First International Language-for-All Conference ‘22, Adana, Turkey, 21 - 22 October 2022
This ongoing corpus-based study explores a corpus of veterinary medicine academic writing,
the VetMedCorp (Özer & Akbaş, 2022) (hereafter the VMC) to produce a generic lexical
reference out of the most frequently used words in an array of sub-disciplines in the same field.

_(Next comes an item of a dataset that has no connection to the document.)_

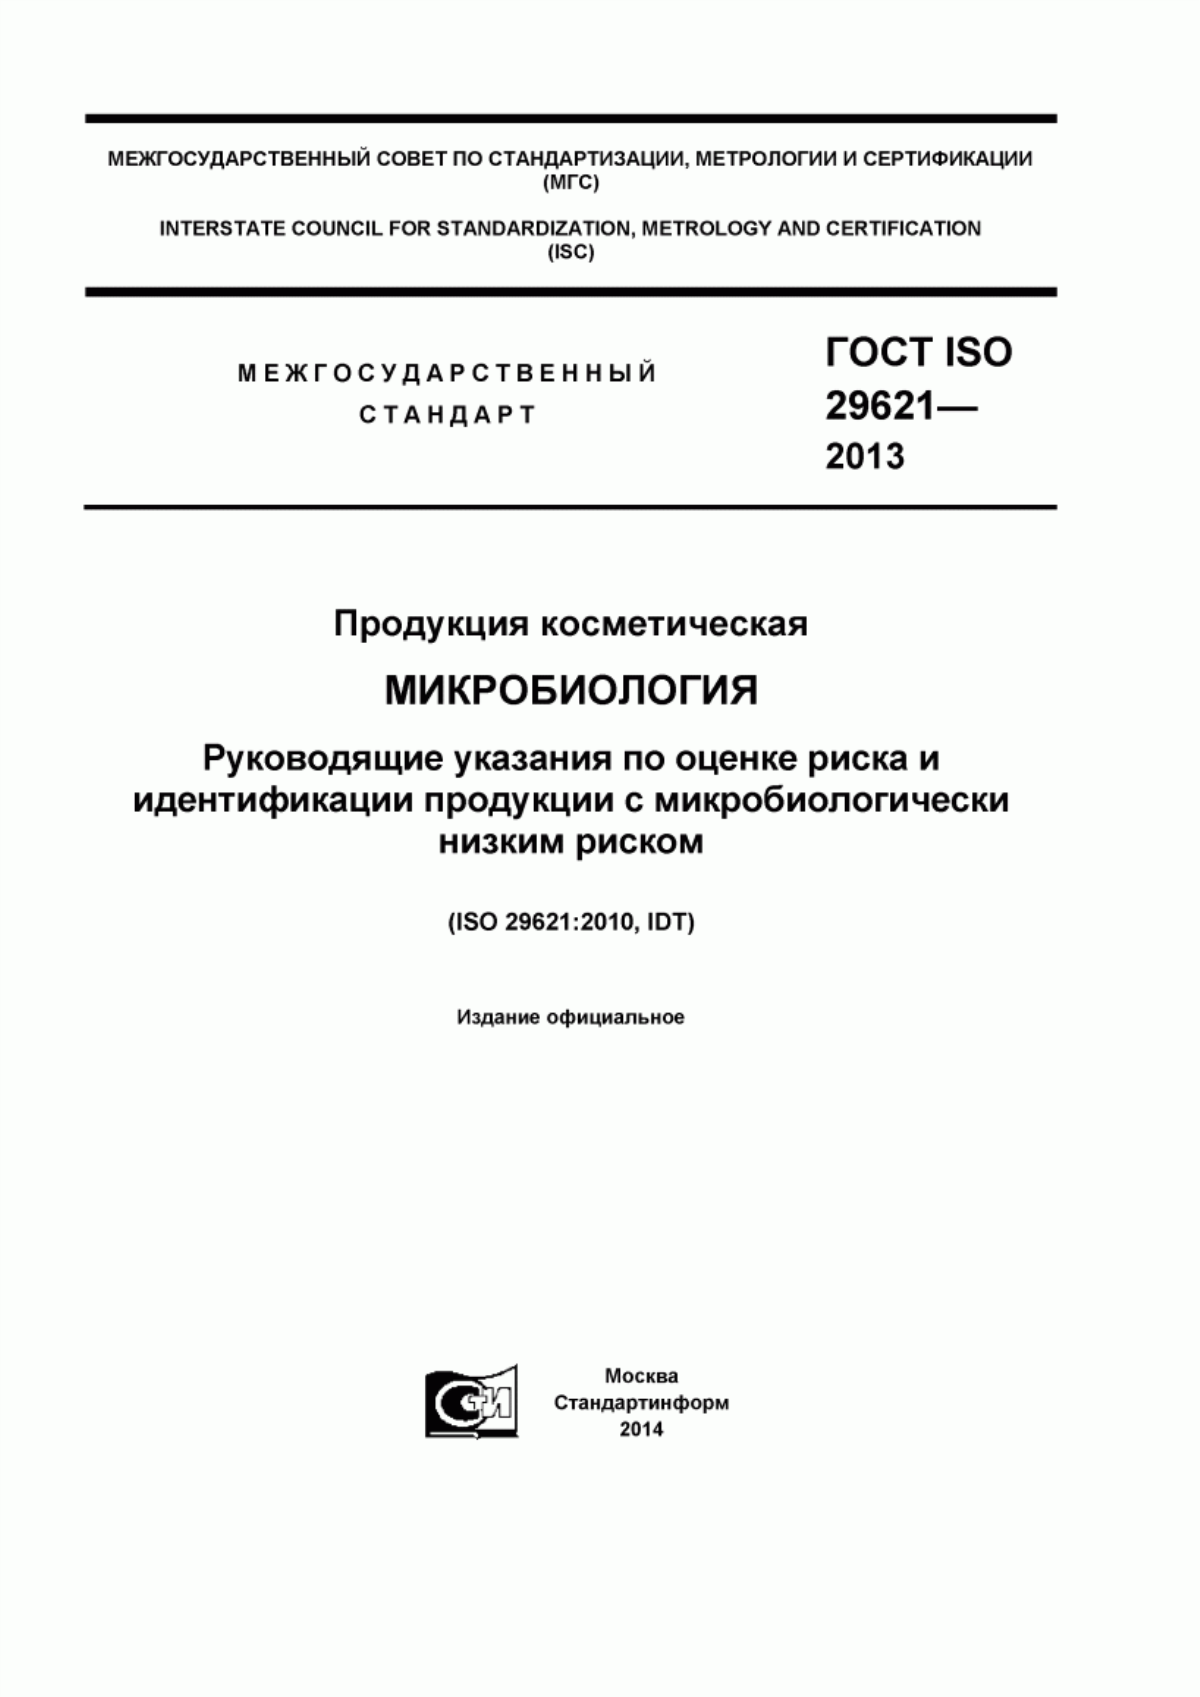 ГОСТ ISO 29621-2013 Продукция косметическая. Микробиология. Руководящие указания по оценке риска и идентификации продукции с микробиологически низким риском

To this end, the VMC was analyzed on Lancsbox 6.0 (Brezina et al., 2020) to get a frequencybased PoS-tagged list of lemmas. 201,573 lemmas were listed by the software. We included
only four parts of speech (noun, verb, adjective, and adverb) in our analyses. The top 1,000
most-frequent words for each of these four parts of speech were extracted, and a total of 4,000
lemmas were collated to get a list of essential veterinary medicine vocabulary with a disciplinespecific frequency pattern. The dispersion of the words was shown as the coefficient of
variation (CV) to get a clearer picture of how these words are distributed across the chosen
sub-segments of veterinary medicine research articles in the corpus, with some pedagogical
implications. The output is still being manually treated to reveal the word families. Preliminary
findings feature more than 200 word families that can be of help in teaching academic writing.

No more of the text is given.